[Task description] Print, exactly as they stand, the lines below from the one that has "Autoturism avariat în" to the one that has "钢琴培训教育海报展板宣传图片", inclusive, leaving out the pictures.

[Task material]
──────

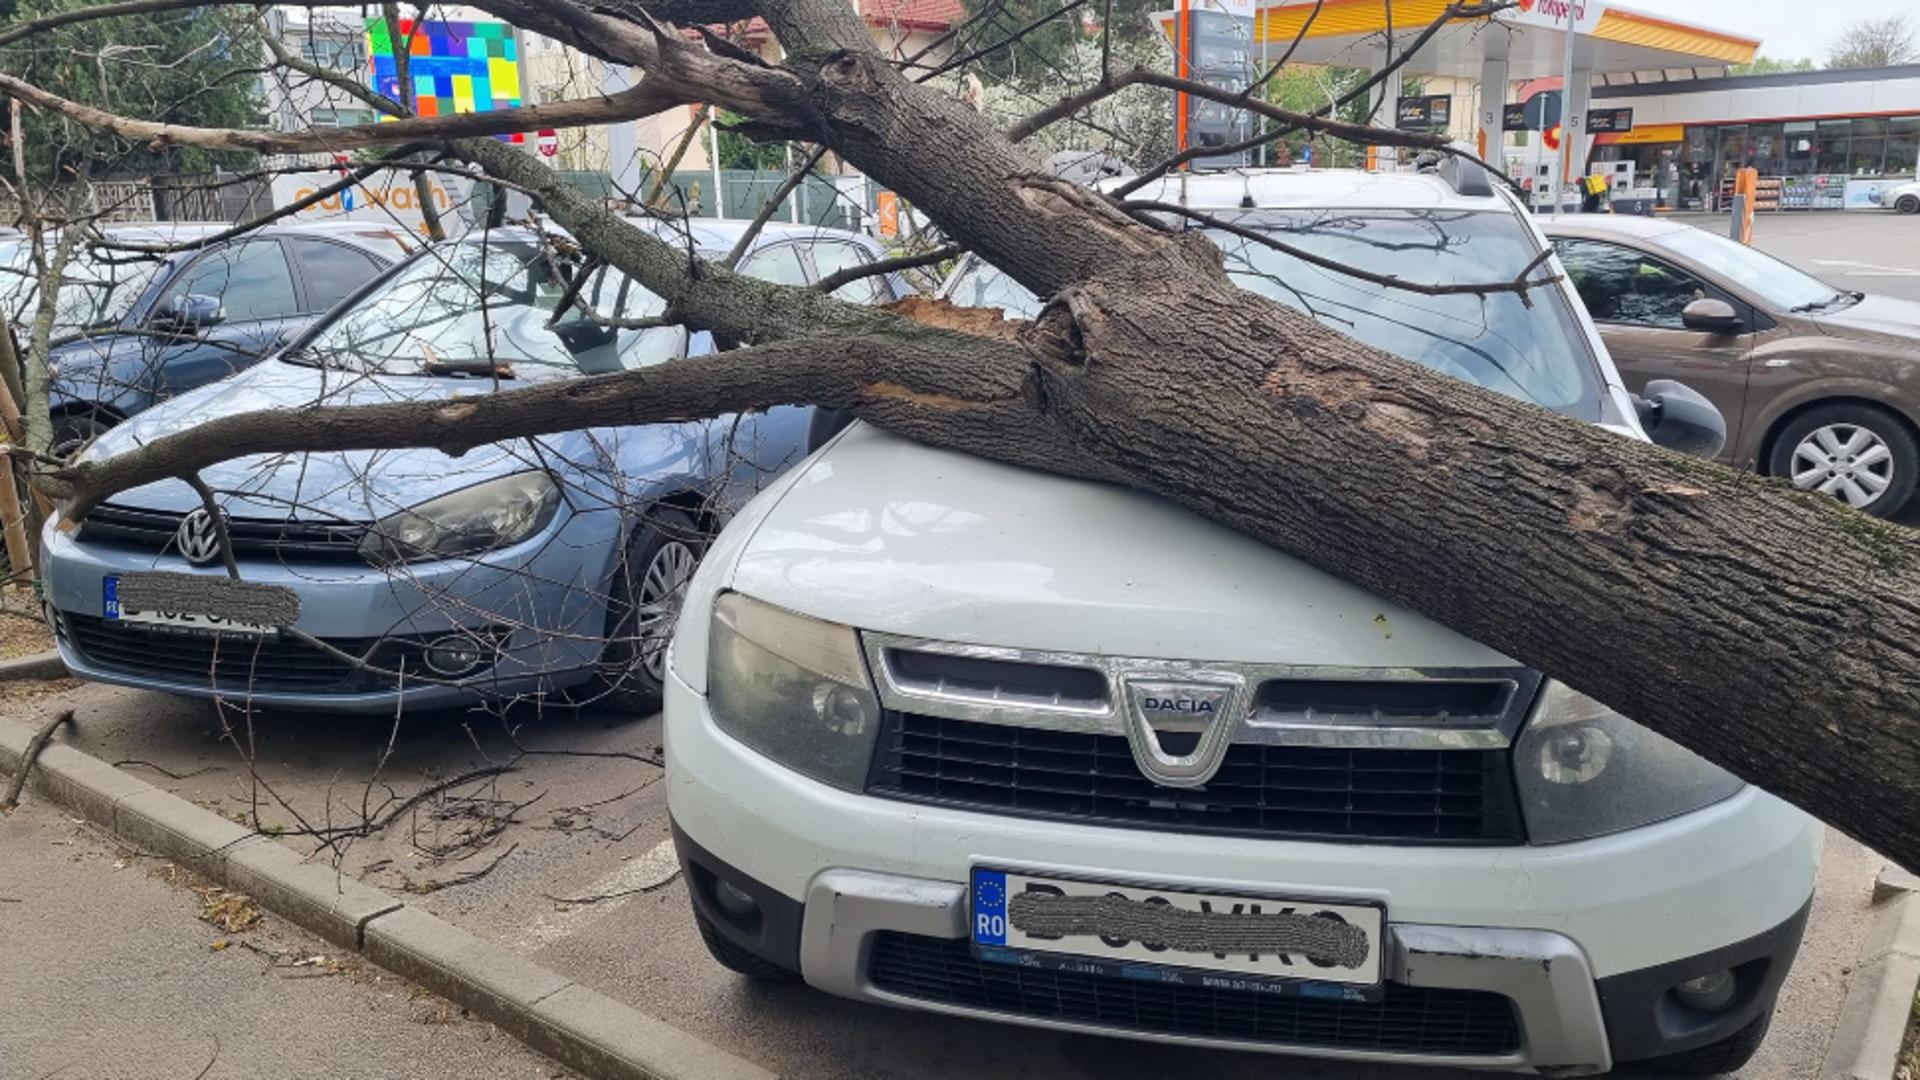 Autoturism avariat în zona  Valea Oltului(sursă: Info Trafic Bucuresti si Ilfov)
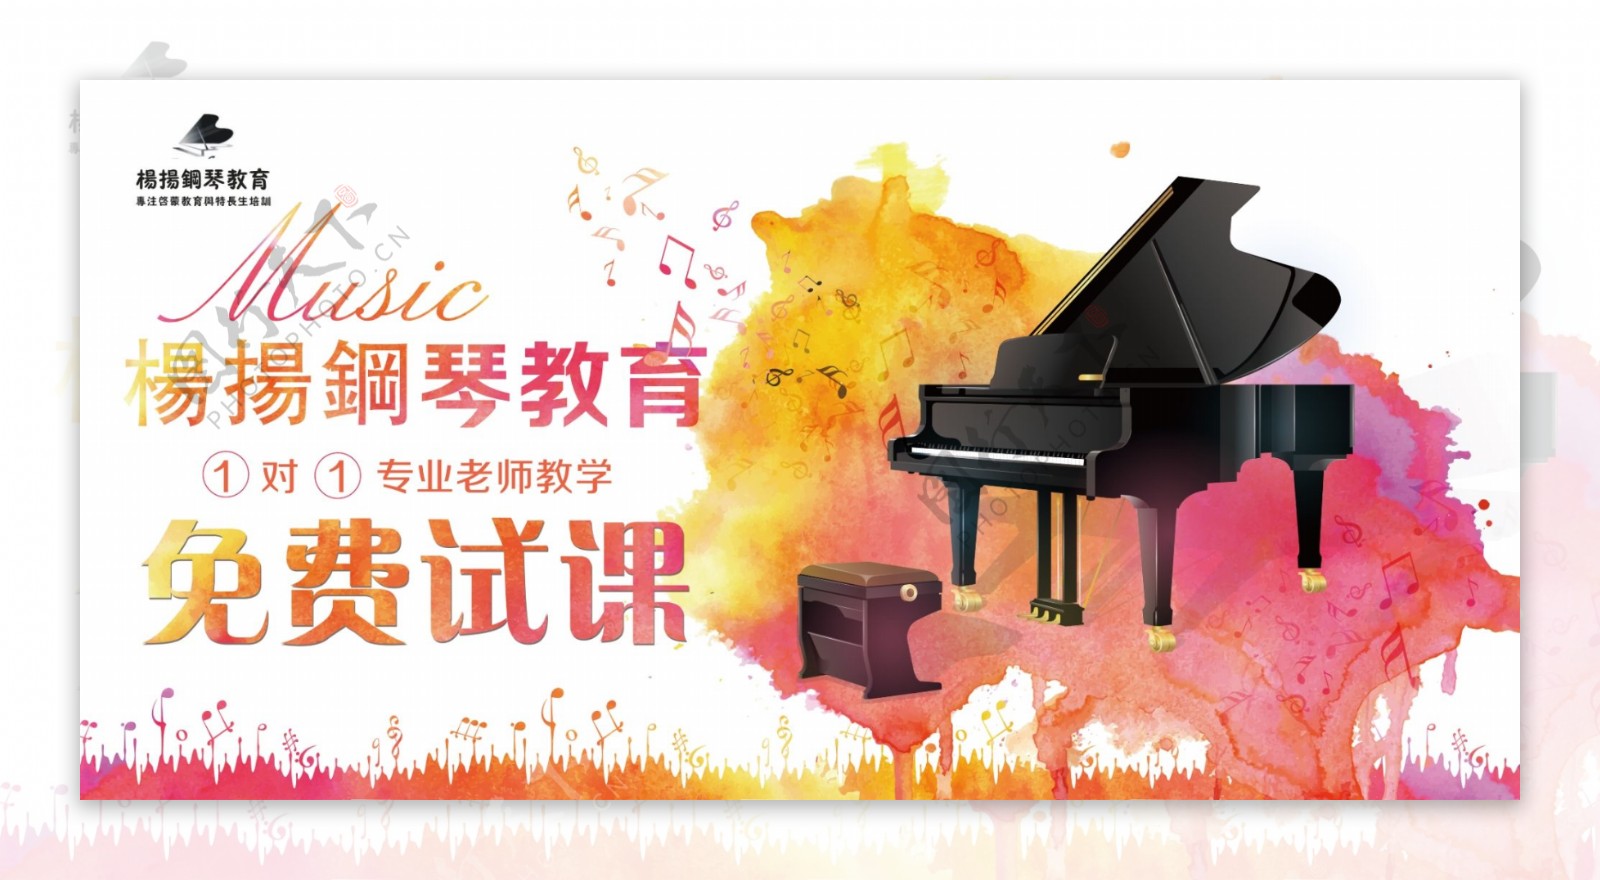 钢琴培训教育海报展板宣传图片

──────

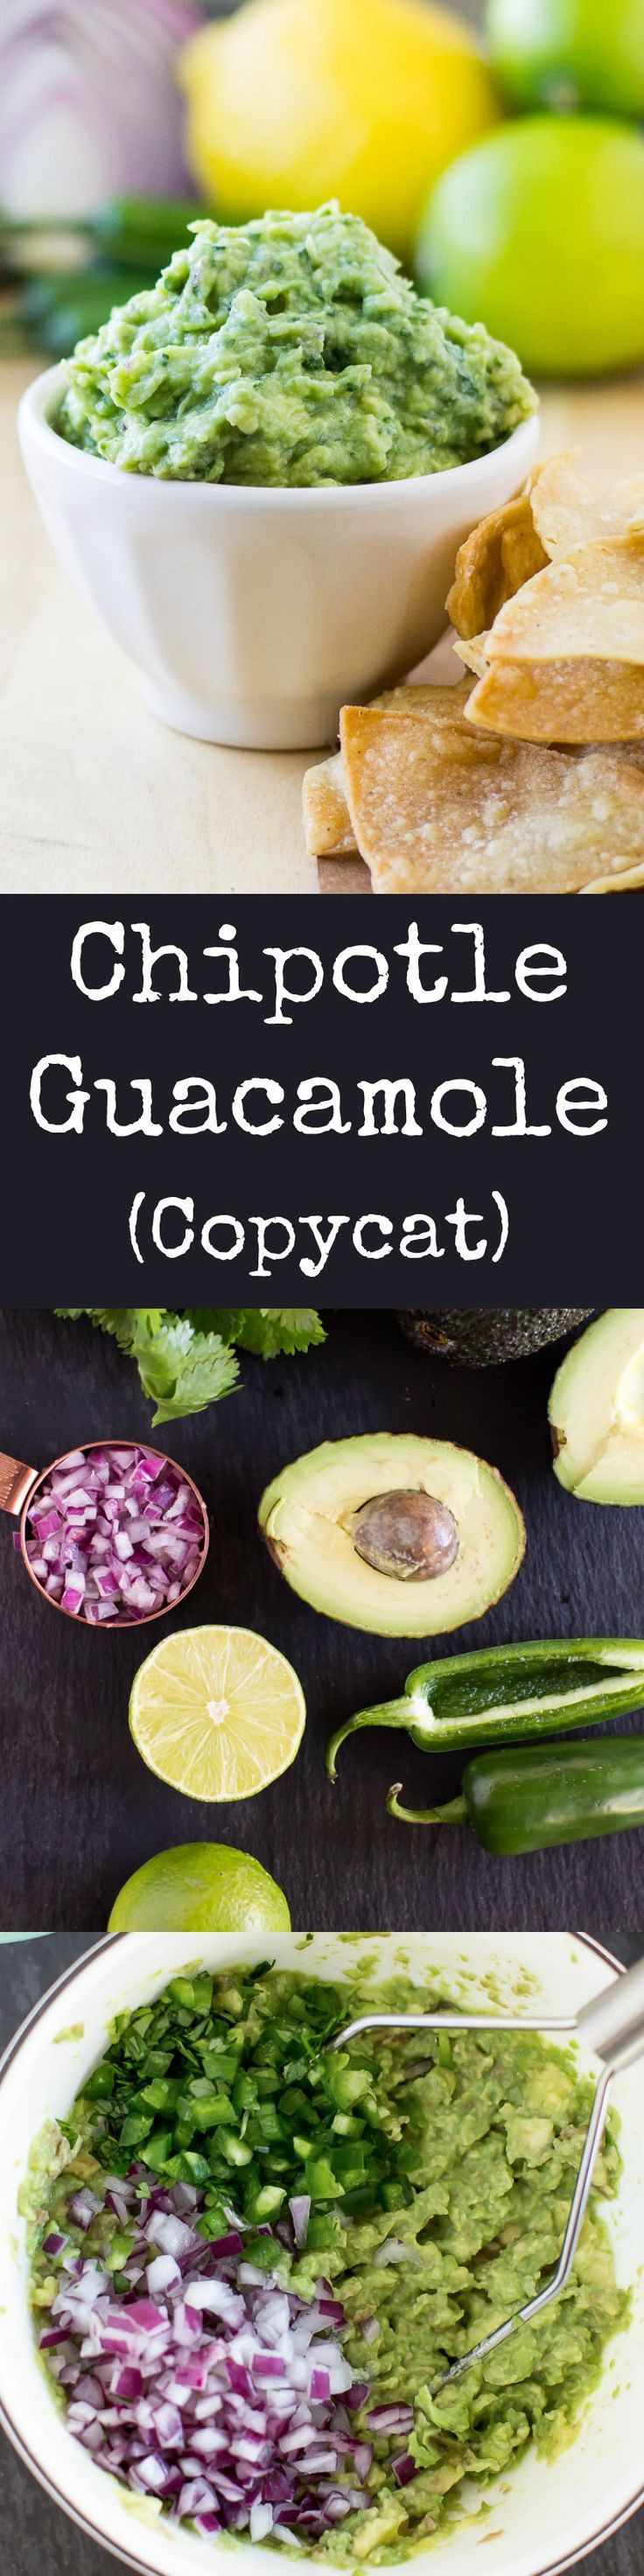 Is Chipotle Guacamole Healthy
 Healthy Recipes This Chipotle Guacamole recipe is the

──────

[Answer section]
 Autoturism avariat în zona  Valea Oltului(sursă: Info Trafic Bucuresti si Ilfov)
 钢琴培训教育海报展板宣传图片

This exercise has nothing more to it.